== EXERCISE DIRECTIONS ==
Beneath this instruction is a listing; print exactly the lines in it starting at the line that contains "Michael Jordan /" and going through the line that contains "Guitarra Electrica Bc".

== RECORDS FOR THIS TASK ==
○ ○ ○ ○ ○ ○ ○
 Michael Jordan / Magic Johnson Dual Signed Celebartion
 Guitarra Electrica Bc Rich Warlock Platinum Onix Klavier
○ ○ ○ ○ ○ ○ ○
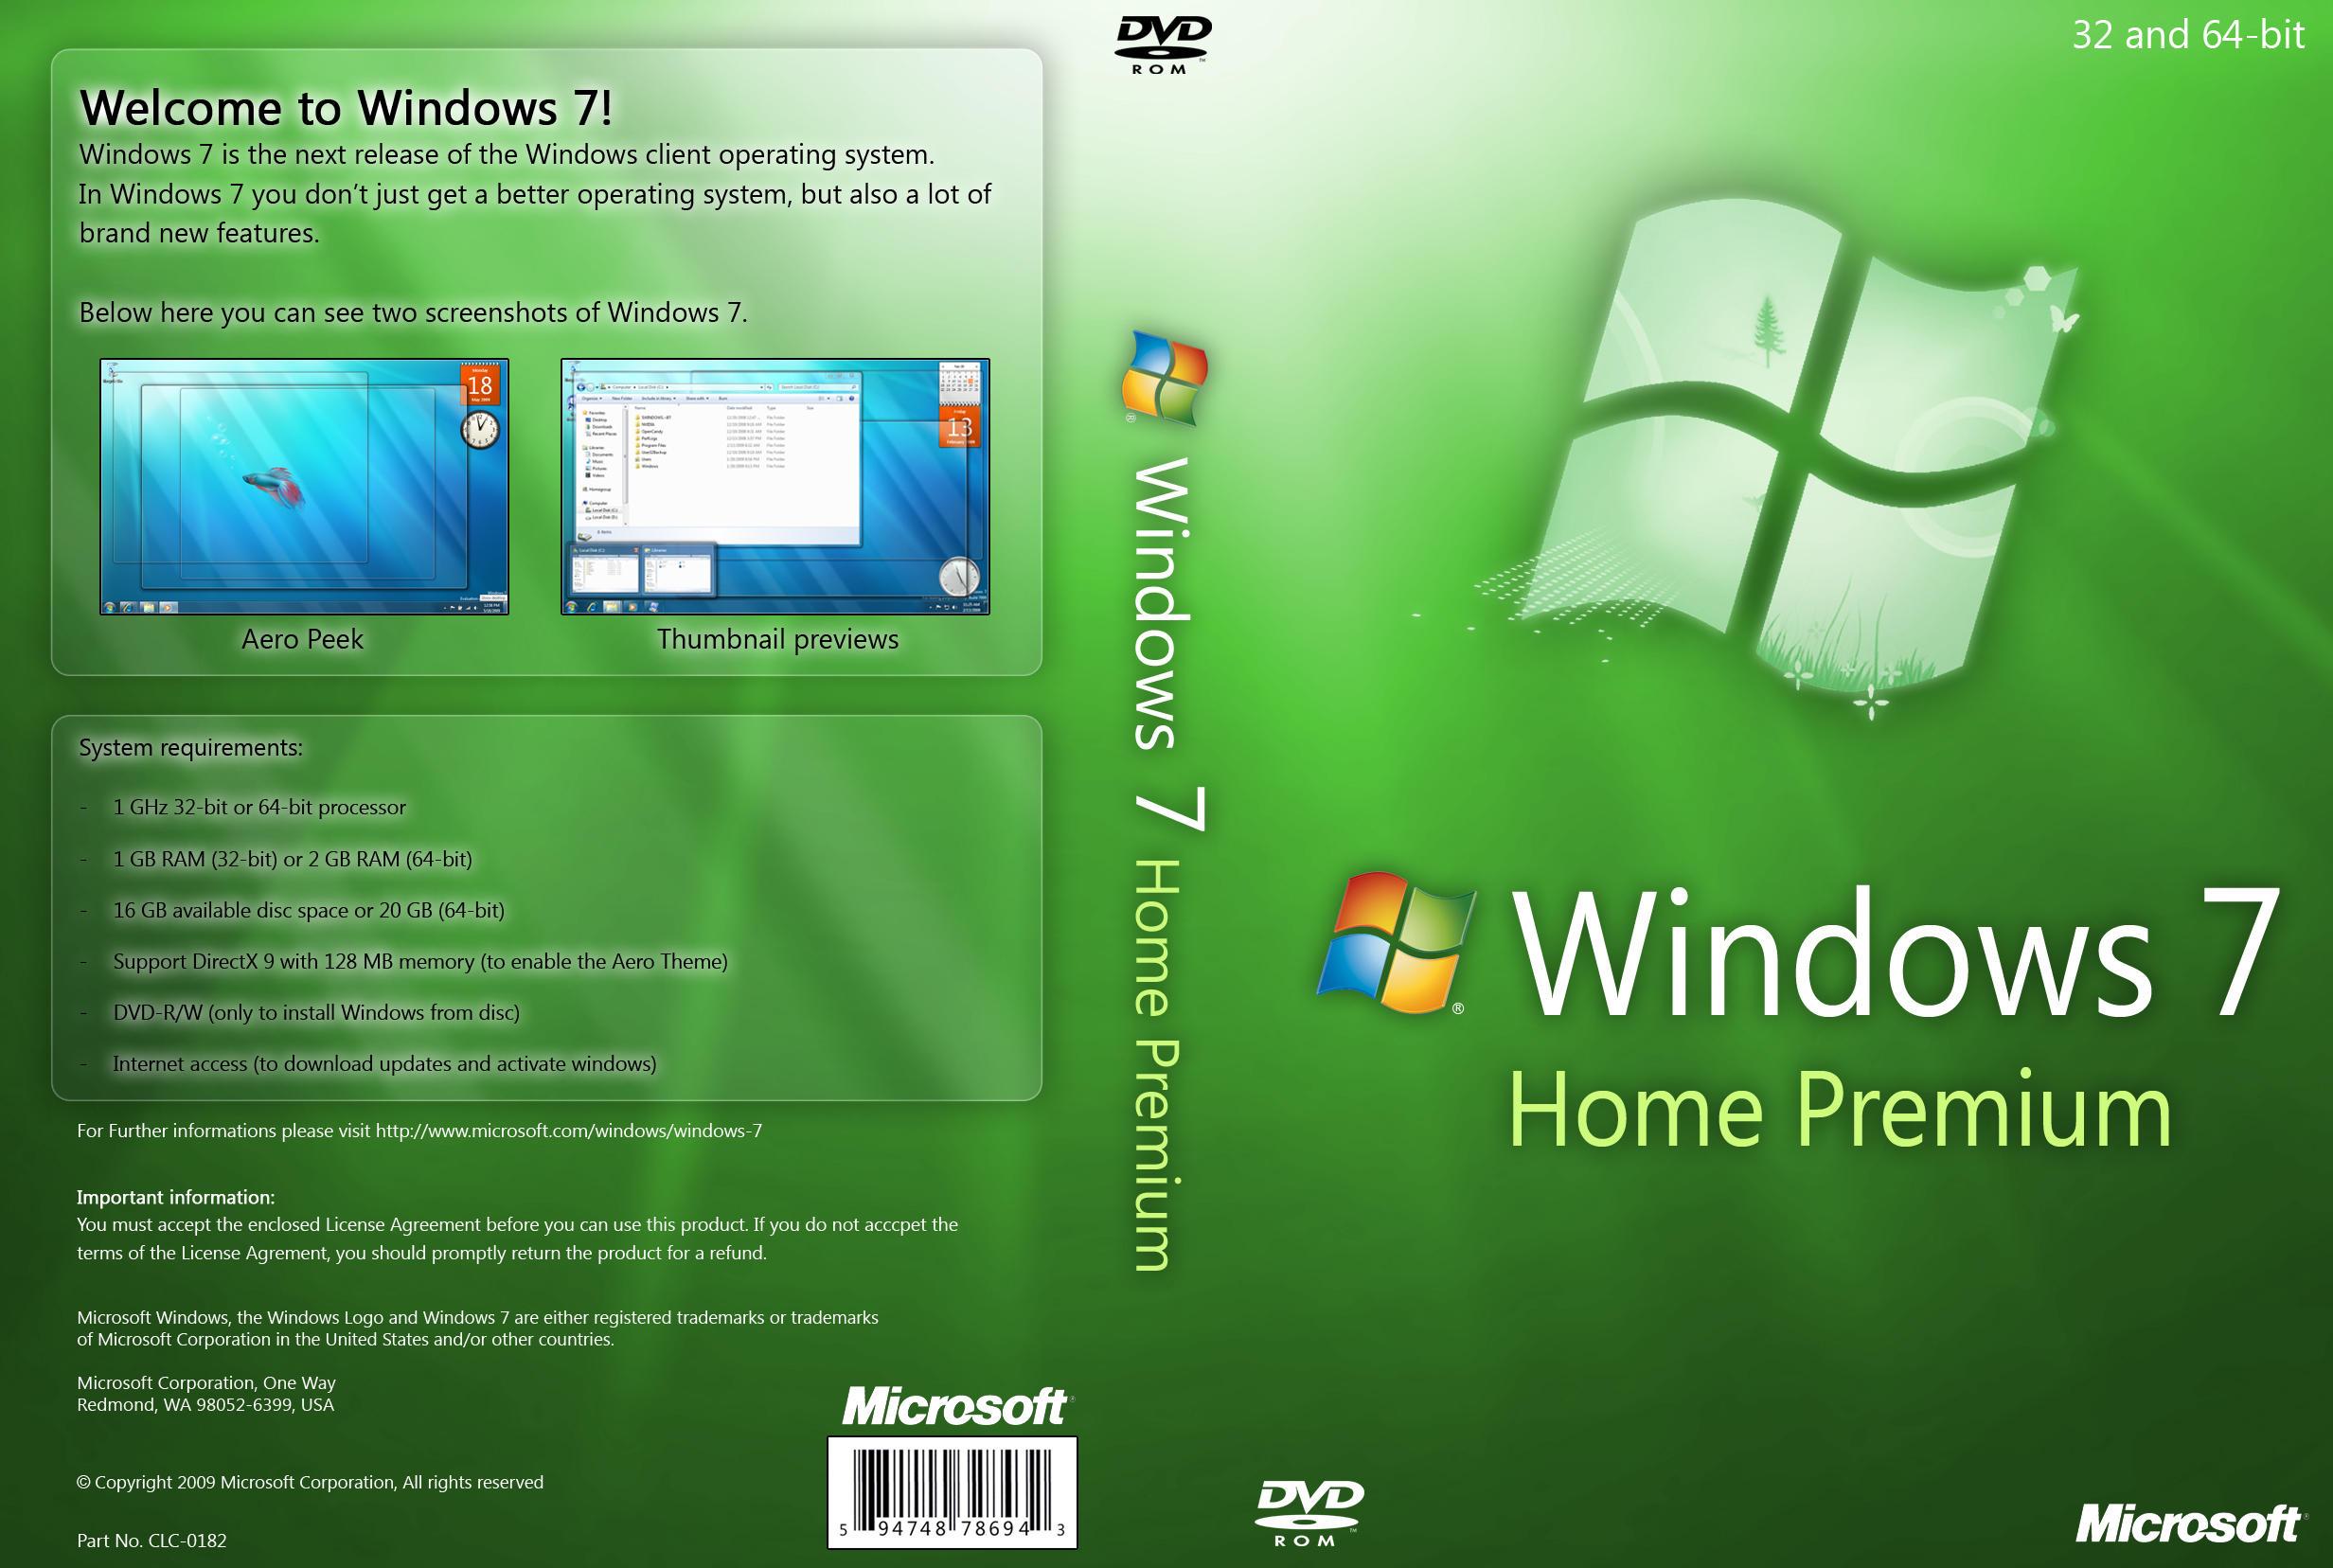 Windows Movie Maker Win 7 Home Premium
○ ○ ○ ○ ○ ○ ○
== SOLUTION TO THE PROBLEM ==
 Michael Jordan / Magic Johnson Dual Signed Celebartion
 Guitarra Electrica Bc Rich Warlock Platinum Onix Klavier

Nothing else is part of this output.